The theoretical error of the SM prediction is completely negligible compared to the current experimental uncertainties. The tension between the SM prediction and the experimental data is driven by the reduced \(B\rightarrow K \mu ^+\mu ^-\) branching ratio, while the measured \(B \rightarrow K e^+e^-\) branching ratio is in good agreement with the SM. In our extended global fit we do not use the \(R_K\) measurement directly but instead include the \(B \rightarrow K\mu ^+\mu ^-\) and \(B \rightarrow Ke^+e^-\) branching rations separately, taking into account the correlations of their theory uncertainties. As the theory uncertainties of BR\((B \rightarrow K\mu ^+\mu ^-)\) and BR\((B \rightarrow Ke^+e^-)\) are essentially 100 % correlated, our approach is to a good approximation equivalent to using \(R_K\).

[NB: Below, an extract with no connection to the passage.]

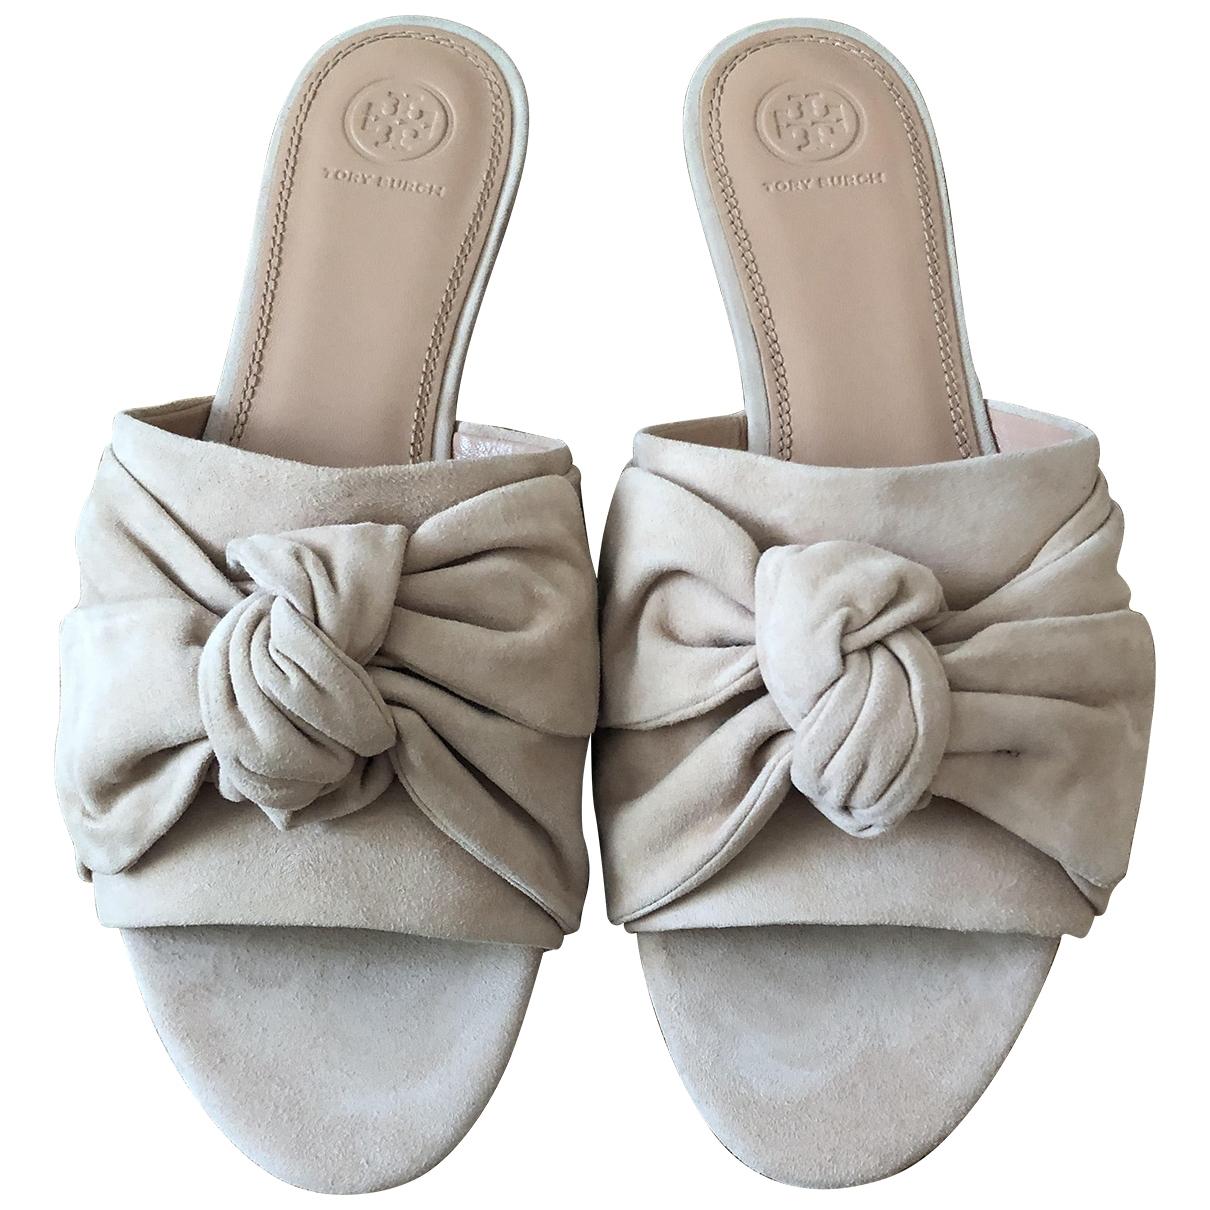 Tory Burch \N Beige Suede Sandals for Women 10 US

In Fig. 6 we show the result of two fits that allow for new physics in \(C_9^\mu \) and \(C_9^e\) (left plot) and new physics along the \(\mathrm{SU}(2)_L\) invariant directions \(C_9^\mu = -C_{10}^\mu \) and \(C_9^e = -C_{10}^e\). Recall that in Sect. 3.3 we found that new physics in these scenarios gives the by far best description of the experimental \(b\rightarrow s \mu ^+\mu ^-\) data. As expected, we again find that a \(C_9^\mu \) significantly smaller than in the SM is clearly preferred by the fits. The best-fit regions for \(C_9^\mu \) and \(C_9^\mu = - C_{10}^\mu \) approximately coincide with the regions found for \(C_9\) and \(C_9 = - C_{10}\) in Sect. 3.3. The Wilson coefficients \(C_9^e\) and \(C_9^e = - C_{10}^e\) on the other hand are perfectly consistent with the SM prediction. Lepton-flavour universality, i.e. \(C_9^\mu = C_9^e\) and \(C_{10}^\mu = C_{10}^e\) as indicated by the diagonal line in the plots is clearly disfavoured by the data. Our results are consistent with similar findings in recent fits to part of the available experimental data [8, 9].

Fig. 6
figure 6

Allowed regions in the plane of new physics contributions to the Wilson coefficients \(C_9^\mu \) vs. \(C_9^e\) (left) and the plane of the \(\mathrm{SU}(2)_L\) invariant combinations of Wilson coefficients \(C_9^\mu =-C_{10}^\mu \) vs. \(C_9^e=-C_{10}^e\) (right). The blue contours correspond to the 1 and \(2\sigma \) best-fit regions. The diagonal line corresponds to lepton-flavour universality

Working under the assumption that the electron modes are indeed SM like, we can make predictions for ratios of observables that test lepton-flavour universality using the best-fit regions for the muonic Wilson coefficients from our global fit. We consider ratios of branching ratios of the exclusive \(B\rightarrow K^* \ell ^+\ell ^-\) and \(B\rightarrow K \ell ^+\ell ^-\) decays and the inclusive \(B \rightarrow X_s \ell ^+\ell ^-\) decays, both at low and high \(q^2\). Moreover, we also predict ratios of the \(B \rightarrow K^* \ell \ell \) angular observables \(F_L\), \(A_\text {FB}\) and \(S_5\) at low and high \(q^2\). The results are shown in Table 3. The four columns correspond to the following scenarios:

  • new physics only in \(C_9^\mu \);

    Table 3 Predictions for ratios of observables with muons vs. electrons for four different scenarios with NP only in one or two Wilson coefficients with muons. Ratios deviating from the SM prediction 1.00 by more than 30 % are highlighted in boldface. Differential branching ratios are given in units of GeV\(^{-2}\)
  • new physics in \(C_9^\mu \) and \(C_9^{\prime ~\mu }\);

  • new physics along the \(\mathrm{SU}(2)_L\) invariant direction \(C_9^\mu = - C_{10}^\mu \);

  • new physics independently in \(C_9^\mu \) and \(C_{10}^\mu \).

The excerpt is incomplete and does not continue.